After the fall of Tripoli, Gadhafi's audio messages surfaced on Al-Rai.
Al-Jaburi said "the hero Gadhafi" broadcasts his messages from a van equipped with satellite transmission equipment that can operate anywhere in Libya.
"I sent a crew to Tripoli at the beginning of the attack to cover the events, and we trained the Libyans on how to use it after our own experience with the Iraqi resistance, which was never detected by the American forces," al-Jaburi said.
But some said that it's not about ideology at all and that al-Jaburi sees only dollar signs in front of him.
"The likes of Mishaan al-Jaburi don't care about viewership," said Safwat El Alem, a professor in political media at Cairo University. "They only care about their pockets after they convince those leaders to finance their operations."

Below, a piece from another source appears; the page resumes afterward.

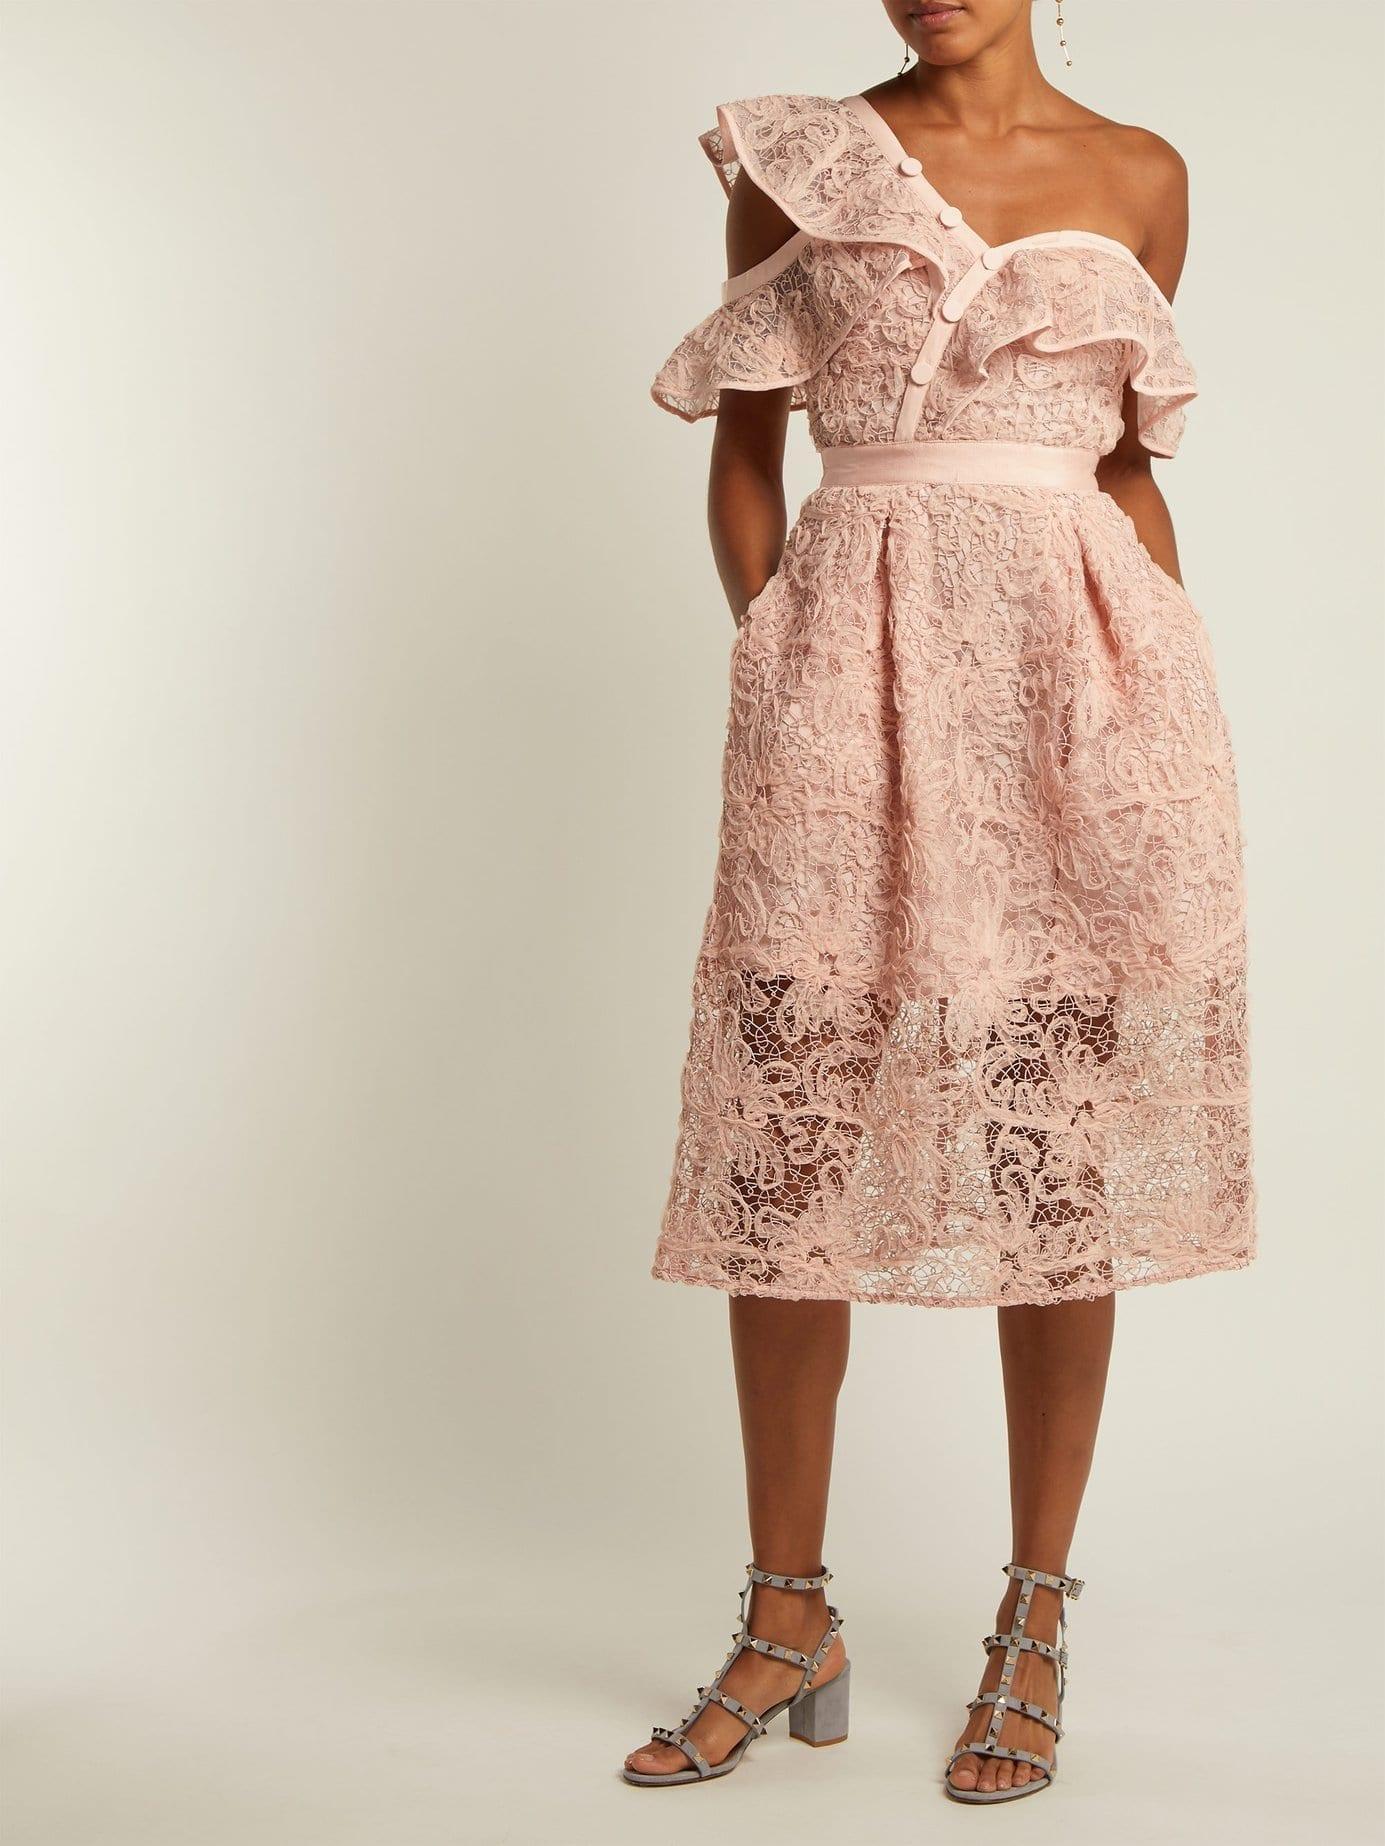 SELF-PORTRAIT Asymmetric Floral Lace Midi Light Pink Dress
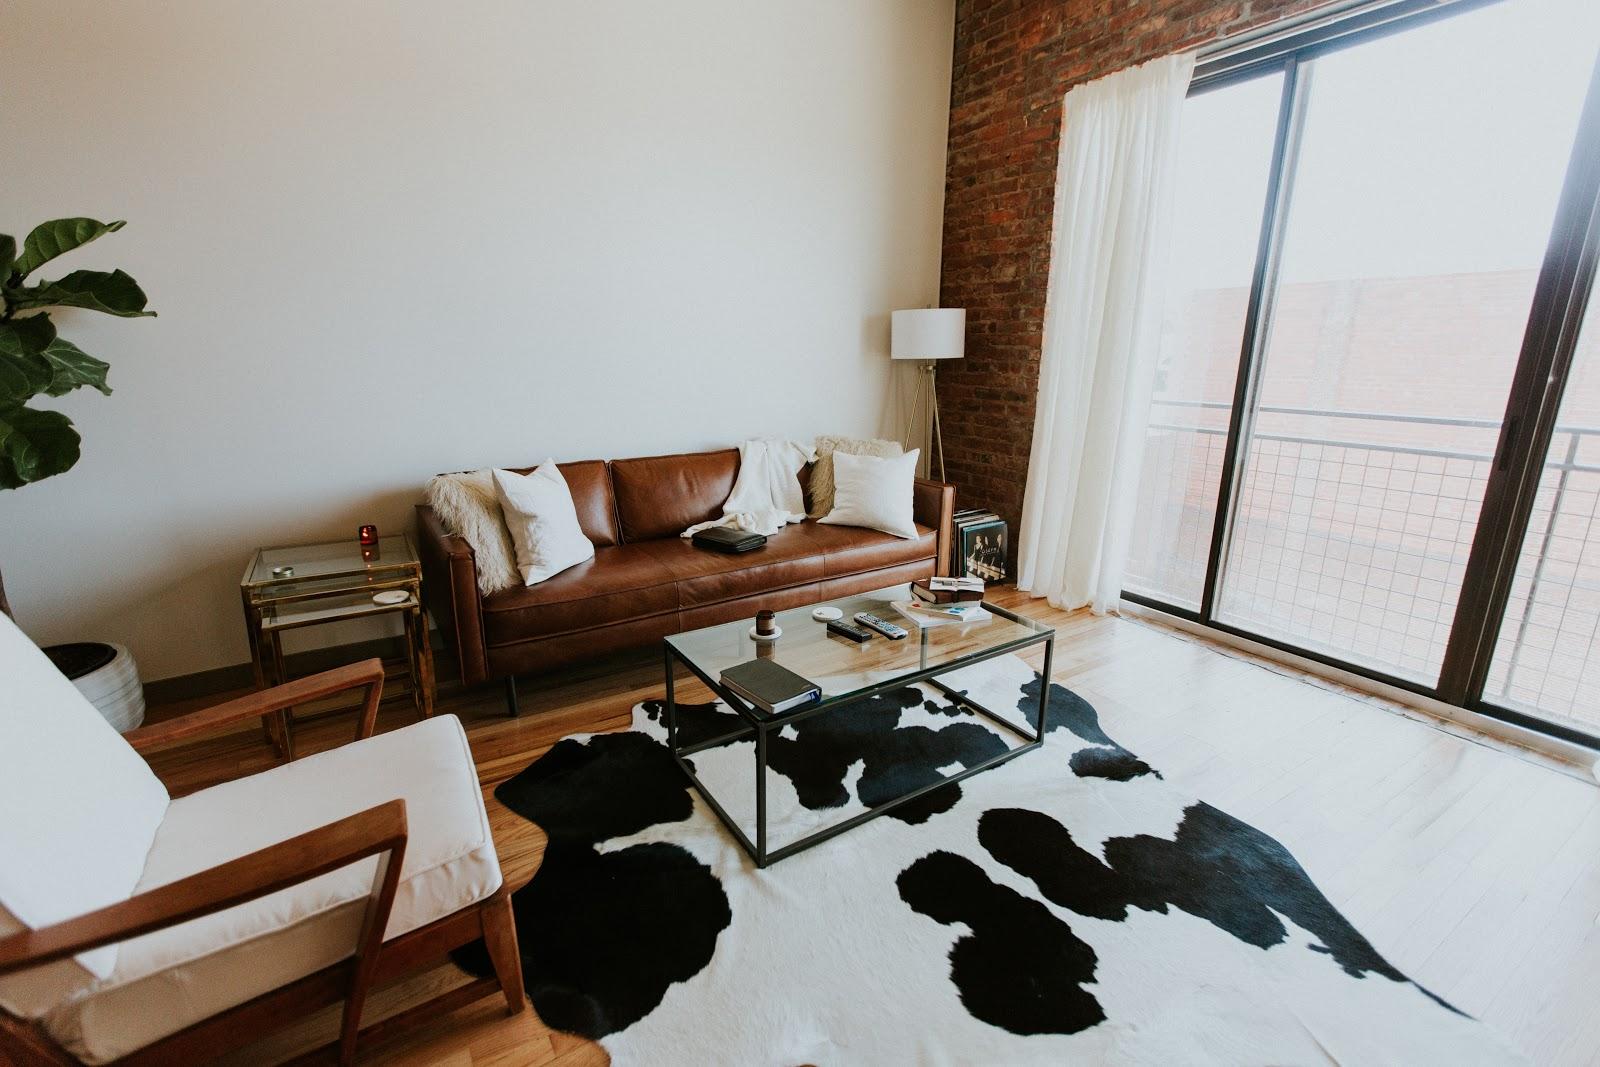 table-wood-house-floor-window-home-property-living-room-furniture-room-interior-design-flooring-1413919.jpg

El Alem sees Al-Rai meeting the same fate as Al-Zawraa once the anti-Gadhafi fighters consolidate victory.
The Syrian regime also has the power to shut down Al-Rai, but Feldner said that it's probably safe to assume that Bashar al-Assad, the embattled Syrian president, has an interest in curtailing the successes of the Libyan revolt.
Whatever the future, for now, the channel is up and running. And though no one seems to know the exact whereabouts of Gadhafi, his voice is loud and clear -- on Al-Rai.